The equation is one year ahead stock returns as a function of a few explanatory variables.
Many thanks for considering my request, DEEP.

#### hlsmith

##### Not a robit
If something was endogenuous to the DV that would mean the DV causes or is upstream of it right? Is this what you mean?

#### spunky

##### Doesn't actually exist
Well... it's not super difficult to show that for OLS regression models of the form $$Y= \beta_0 + \beta_1X_1 + \beta_2X_2 +...+\beta_pX_p + \epsilon$$, the $$R^{2}$$ statistic is a function of the elements of the correlation matrix of the predictors and the vector of correlations between the predictors and the dependent variable.

More specifically, $$R^{2} = r'_{x,y} \beta$$ where $$r_{x,y}$$ is the p X 1 vector of correlations of the predictors and the dependent variable and $$\mathbf{\beta}$$ is the vector of regression coefficients. If the regression coeffcients are biased,$$R^{2}$$ is most likely going to be biased as well.

#### Deepn6

##### New Member
If something was endogenuous to the DV that would mean the DV causes or is upstream of it right? Is this what you mean?
Yes.

#### Deepn6

##### New Member
Well... it's not super difficult to show that for OLS regression models of the form $$Y= \beta_0 + \beta_1X_1 + \beta_2X_2 +...+\beta_pX_p + \epsilon$$, the $$R^{2}$$ statistic is a function of the elements of the correlation matrix of the predictors and the vector of correlations between the predictors and the dependent variable.

More specifically, $$R^{2} = r'_{x,y} \beta$$ where $$r_{x,y}$$ is the p X 1 vector of correlations of the predictors and the dependent variable and $$\mathbf{\beta}$$ is the vector of regression coefficients. If the regression coeffcients are biased,$$R^{2}$$ is most likely going to be biased as well.

#### Deepn6

##### New Member
But only the endogenous explanatory variable is biased. Is it possible that this biases another variable the other way, leaving the R squared roughly unaffected?

#### spunky

##### Doesn't actually exist
But only the endogenous explanatory variable is biased.

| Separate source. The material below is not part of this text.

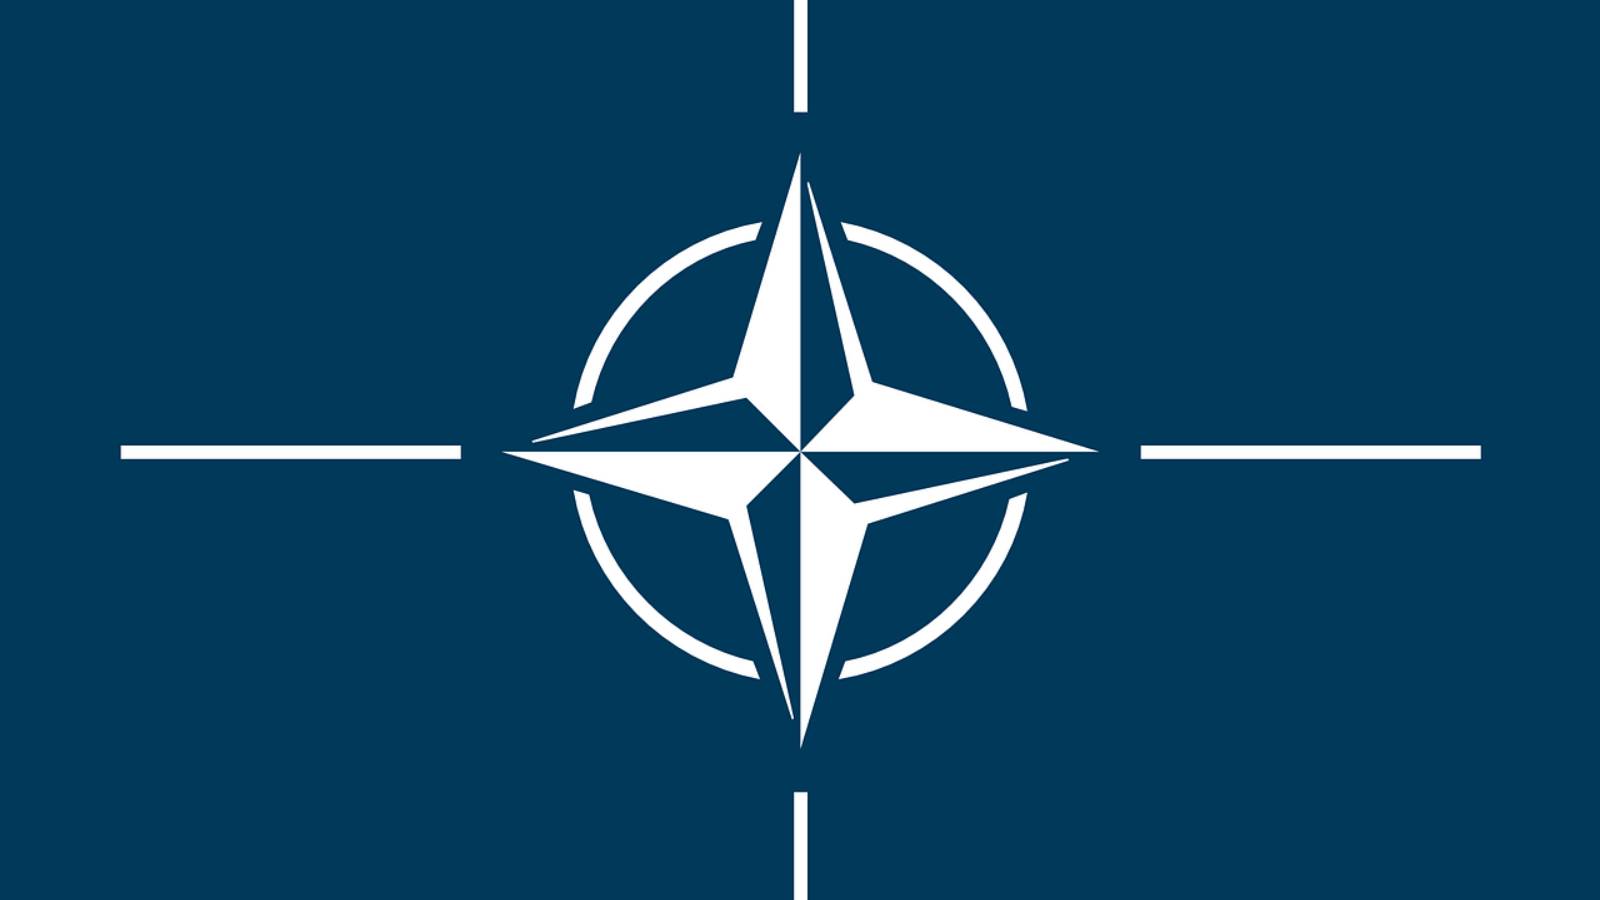 Venäjä uhkaa tuoda ydinaseita Itämerelle, jos Ruotsi ja Suomi liittyvät Natoon

Is it possible that this biases another variable the other way, leaving the R squared roughly unaffected?
True. since $$R^{2}$$ is a linear combination of correlations and (standardized) regression coefficients, the bias it experiences depends on the size of the coefficients as well as how many of them are biased and in which direction we would observe the bias.

However, the key point is that we don't always know that for sure, right? So it could or could not be a problem, but there is no way of knowing this unless you both have population-level data **and** the necessary instruments to remove endogeneity and then assess where the biases are coming from and in which direction they are moving.

#### Deepn6

##### New Member
I think you are right. But many research papers just report an R-squared or any changes when there are endogenous variables.
Many thanks.
PS This maybe something for an advanced econometrics paper...